- Born: Six Nations of the Grand River
- Education: George Brown College
- Occupations: Playwright, podcaster

= Falen Johnson =

Mohawk and Tuscarora playwright and broadcaster

Falen Johnson is a Mohawk and Tuscarora playwright and broadcaster from Canada.

== Personal life ==
Born in 1982, Johnson is from Six Nations of the Grand River and graduated from the George Brown Theatre School in 2005. She is a member of the bear clan. Johnson spent most of her formative years in Brantford, Ontario; she currently lives in Toronto.

== Work and education ==
She is the previous Coordinator of the Indigenous Performing Arts Alliance, a member-driven organization of professional Indigenous performing artists and arts organizations. IPAA serves as a collective voice for its members and for Indigenous performing arts in Canada. It provides leadership, support, representation, advocacy, and practical assistance for the national development of Indigenous performing arts.

== Playwright ==
Johnson's plays include Salt Baby, Two Indians, and Ipperwash. Her plays focus on contemporary Indigenous identity, navigating spaces as an Indigenous women, and colonial contexts.

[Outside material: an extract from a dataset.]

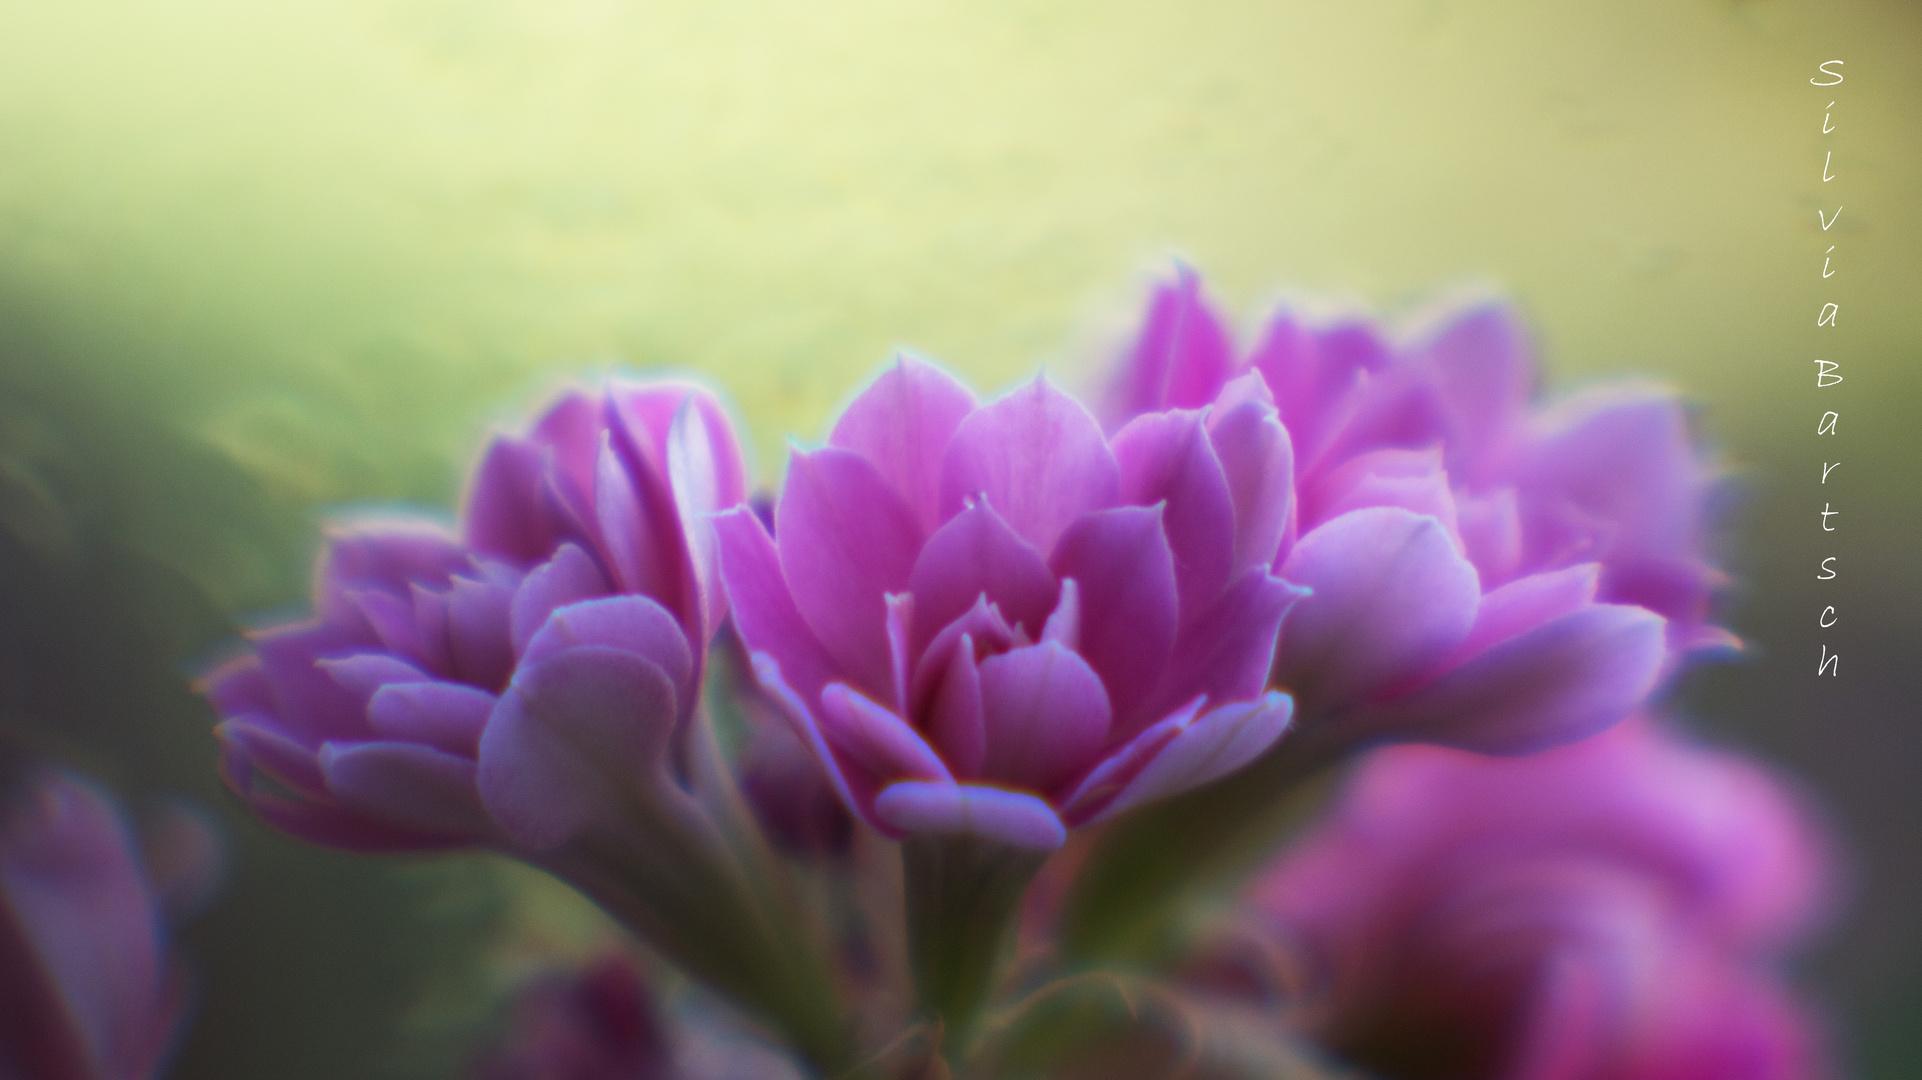 Ein zarter Blütenkuss

Salt Baby was Johnson's first play and focused on the story of an Indigenous women navigating the differences between 'rez life' and the city. The play was semi-autobiographical and based on her experience living in Six Nations and Brantford, Ontario.

Johnson's play Two Indians is a dark comedy that explores the realities of being Indigenous in Canada. Following its publication in book form in 2021, Two Indians was a shortlisted finalist for the Governor General's Award for English-language drama at the 2021 Governor General's Awards.

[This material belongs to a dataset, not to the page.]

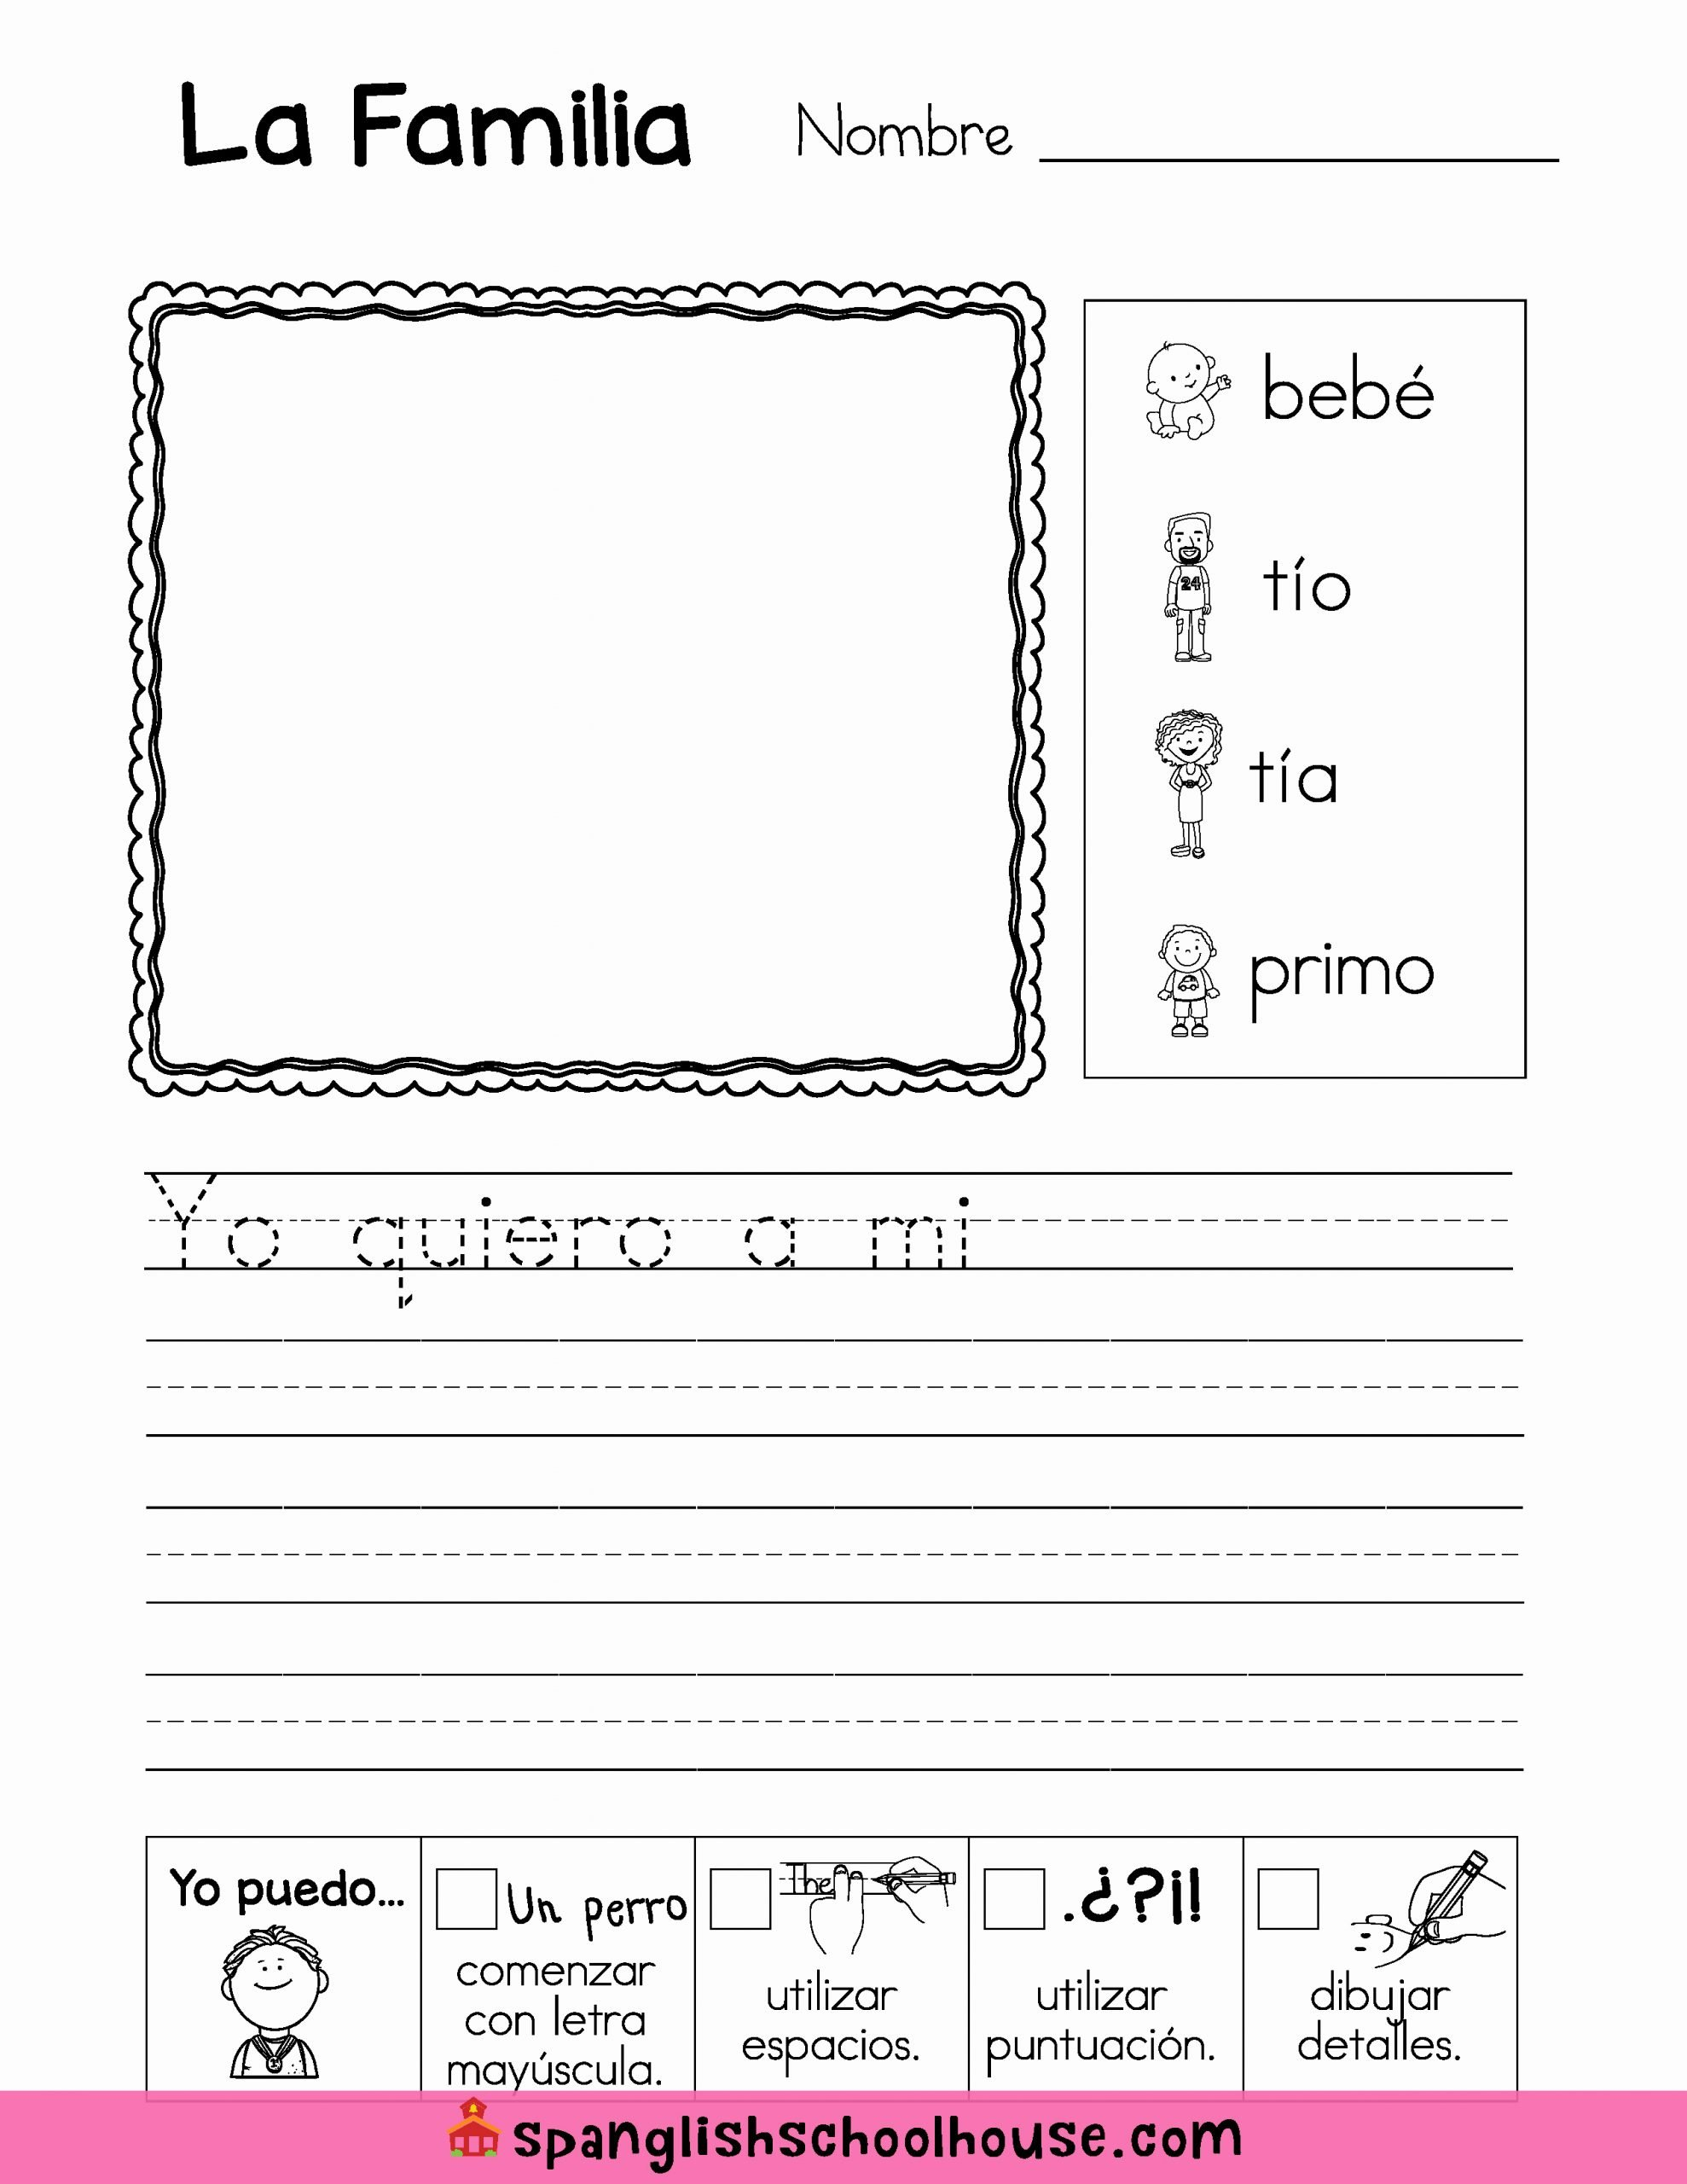 La Familia Worksheet In Spanish Free La Familia Family Vocabulary In Spanish

She created Ipperwash (2018) in response to the Idle No More movement. This play is rooted in the history of the 1995 occupation of the Ipperwash Provincial Park and focuses on the relationship of two cousins and kinship ties. Ipperwash also marked Johnson's debut as a director and was created by working with member of the Stony Point Ojibway community.

Johnson is currently working with Soulpepper Theatre on a play about the life of residential school survivor and artist Shirley Horn.

== Podcasting ==
Johnson co-hosts the Canadian Broadcasting Corporation podcast, Secret Life of Canada with Leah-Simone Bowen. This podcast focuses on little known parts of Canadian history and explores the histories of marginalized communities in Canada. Johnson has also been featured on The Moth storytelling podcast.

In 2020, Johnson succeeded Rosanna Deerchild as host of CBC Radio's indigenous newsmagazine series Unreserved.

== Awards and recognition ==
Johnson was named one of the 20 people to watch in 2020 by Maclean's Magazine.

In 2019 Johnson won the best audio work award at the imagineNATIVE Film and Media Arts Festival. This award recognized her work on the Secret Life of Canada podcast.

As part of its Indigenous Arts Award Laureates program, the Ontario Arts Council awarded Johnson with the Emerging Artist Award in 2015.